Caribbean loses Sagicor

Central Bank of Barbados Governor, Cleviston Haynes.
Central Bank of Barbados Governor, Cleviston Haynes.
Photo by George Alleyne

A Caribbean company that originated in Barbados more than 100 years ago and grew to have a presence in many regional territories is being sold to a Canadian concern for just over half-a-billion dollars.

The sale for $536 million has been announced of the company that started in Barbados in 1849 as Barbados Mutual Life Assurance Society and moved on to open branches St. Vincent, Trinidad and Tobago, Grenada, St. Kitts, Antigua, Montserrat, Jamaica and Guyana then transformed from single-line life insurance company to a financial services regional group and further expanding into the international financial services market.

The buyer is Alignvest, a special purpose Canadian corporation that links financial asset managers, and the transaction is expected to close within the second quarter of next year.

There are no signs that there will be objections to the sale from the regulators in Bermuda, where Sagicor is now headquartered.

In this arrangement Sagicor will continue to operate in its Caribbean and Latin American and US markets under the current name.

This acquisition carries a relation to the Scotiabank sell out in many territories as reported by Caribbean Life one week ago because prior to its agreement to be bought out by Alignvest, Sagicor had struck a 20-year insurance-distribution deal with Scotiabank in Jamaica and Trinidad and Tobago.

Though Barbadians see the sale as a lost of its prized conglomerate to a Canadian entity, the fact is that Sagicor stopped being a Barbados domiciled company since 2016 when management packed up its head office operations and left for Bermuda in response to the continuous financial credit rating downgrades that Barbados was enduring at the time under the previous government.

The company complained that because of the downgrades the island had lost its investment grade and this affected the firm’s ability to profitably trade internationally.

The irony is that Sagicor’s sale announced at the end of November comes at a time when Barbados has had its first international credit rating upgrade in 10 years and government just completed radically changing its tax structure, making the island compliant with international demands and probably more attractive to offshore businesses than other jurisdictions.

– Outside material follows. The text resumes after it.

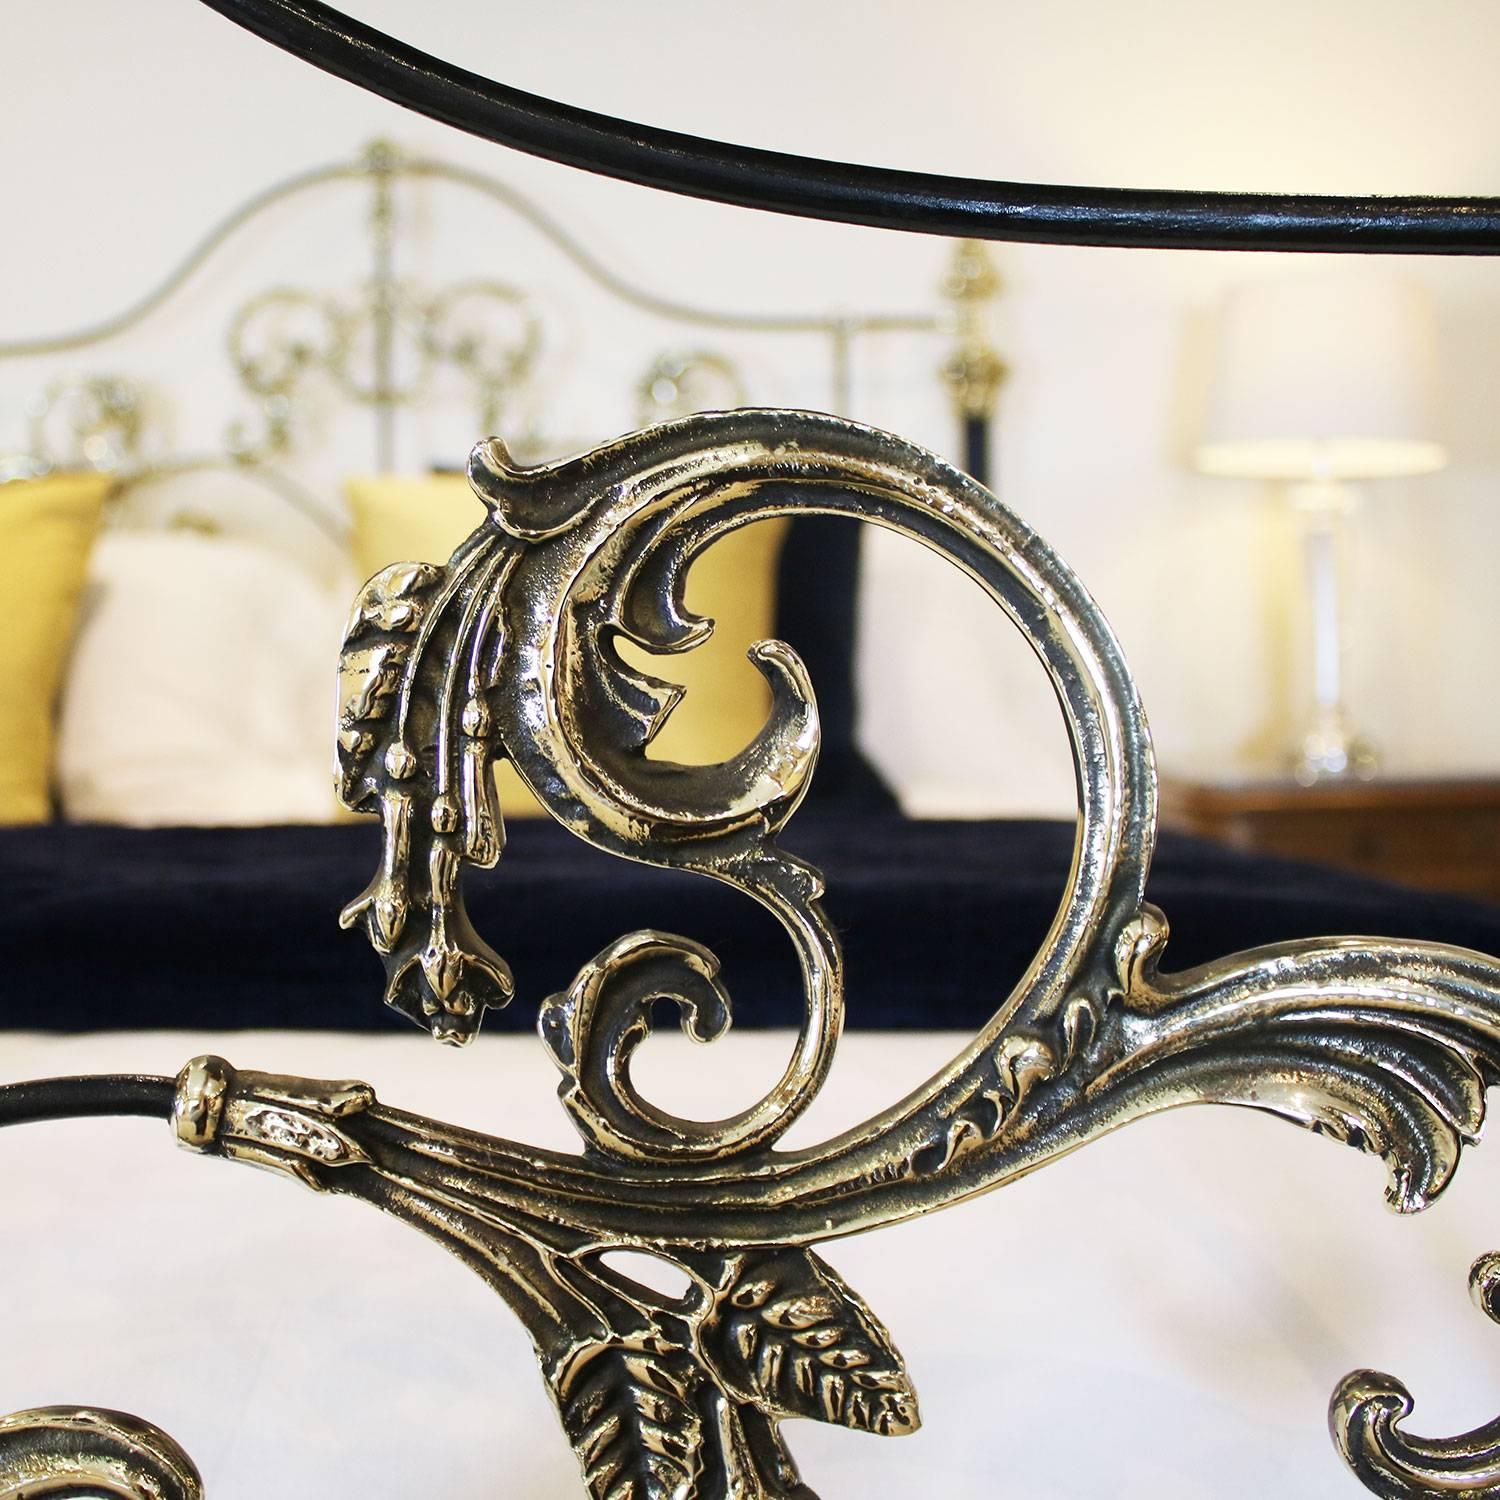 Cast Bespoke Brass and Iron Tangier Bed - Tangier 1

For this reason Central Bank of Barbados Governor, Cleviston Haynes, said of the change in ownership of the company, “I think this is perhaps a slightly unfortunate development.”

This sale of what was once a premier Barbados company comes mere months after another conglomerate, SOL Investments, with a reach over the Caribbean was sold to Canadians.

SOL Investments, that has a footprint spanning across the region is about to change hands, ceded controlling ownership to a Canadian concern for US$1.21 billion.

Though it will retain day-to-day administrative responsibility over 23 enterprises that it owned, SOL’s sale, which is pending Barbados regulatory confirmation, means that control of this Caribbean company goes to Canada-based Parkland Fuel Corp.

Built up by entrepreneur Barbadian Kyffin Simpson, SOL is now regarded as a regional fuel processing and supply and giant, touching almost all territories of the Caribbean.